DATA IN THIS EXERCISE:

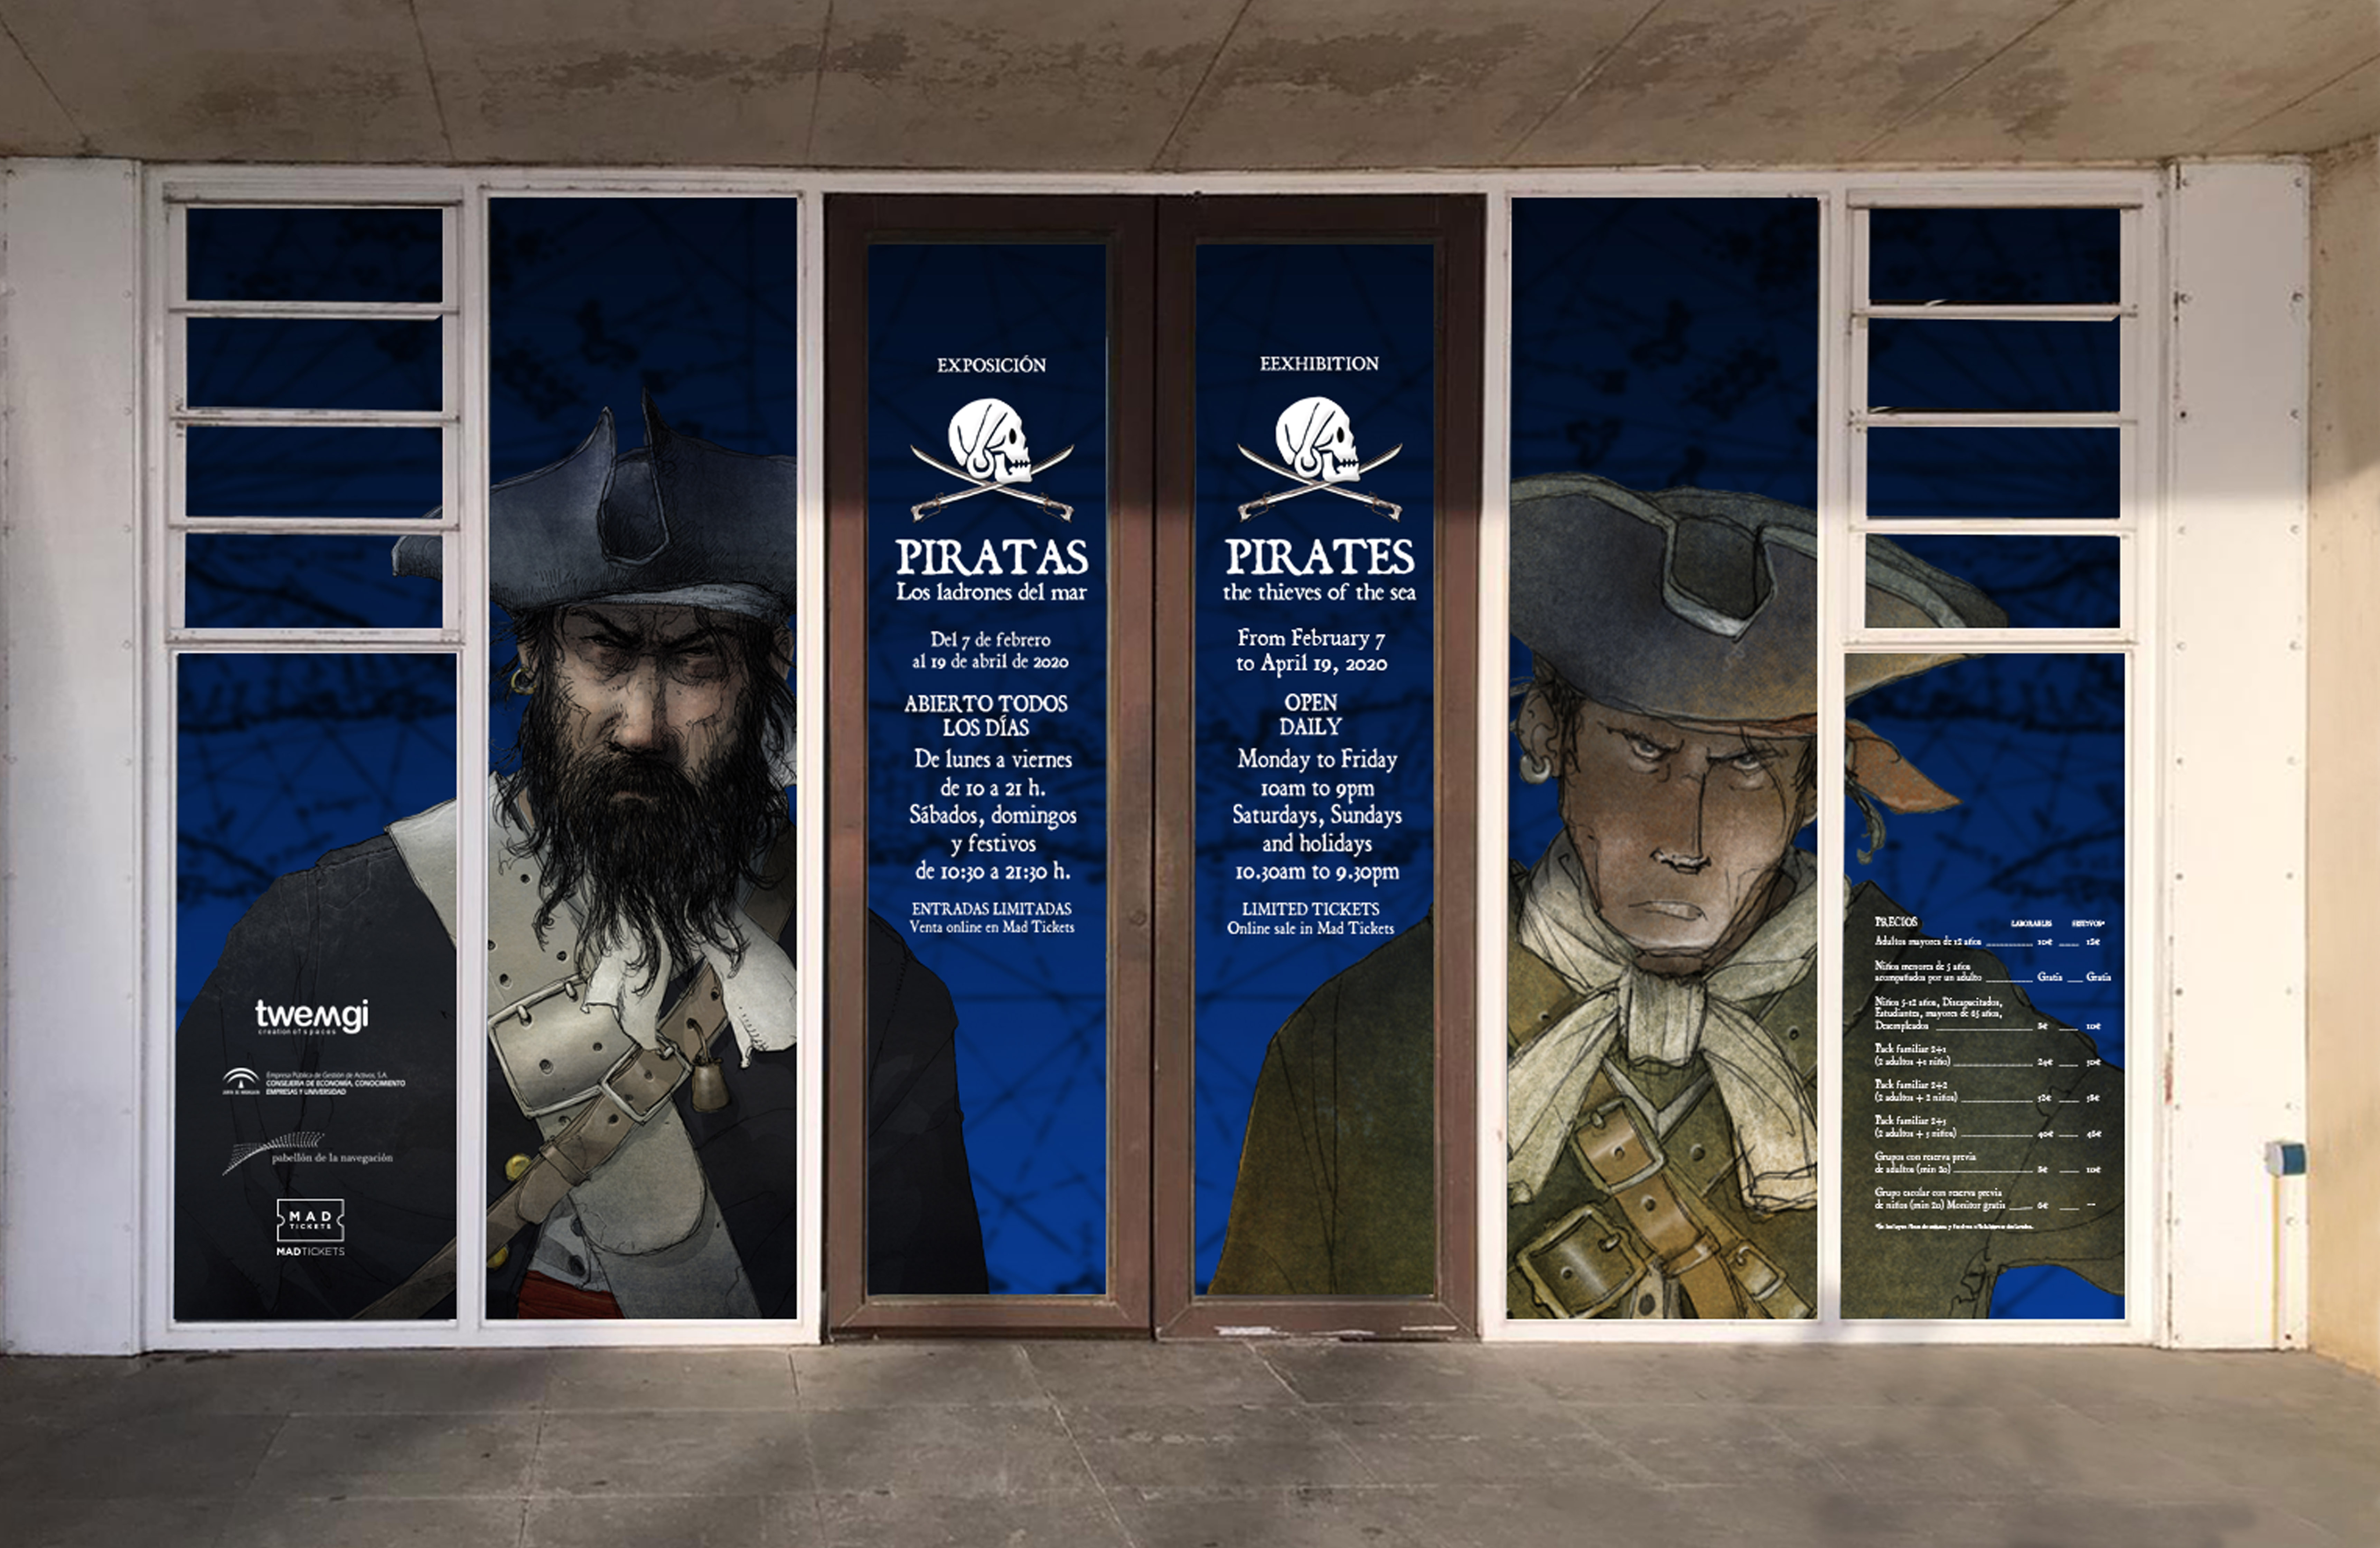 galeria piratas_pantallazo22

...

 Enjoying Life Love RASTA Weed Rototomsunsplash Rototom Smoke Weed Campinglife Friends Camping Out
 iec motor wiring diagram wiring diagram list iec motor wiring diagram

WHAT YOU HAVE TO DO:
Give only the lines from the one holding "Enjoying Life Love" through the one holding "iec motor wiring diagram wiring", each restated exactly as it appears above.

ANSWER BOX:
 Enjoying Life Love RASTA Weed Rototomsunsplash Rototom Smoke Weed Campinglife Friends Camping Out
 iec motor wiring diagram wiring diagram list iec motor wiring diagram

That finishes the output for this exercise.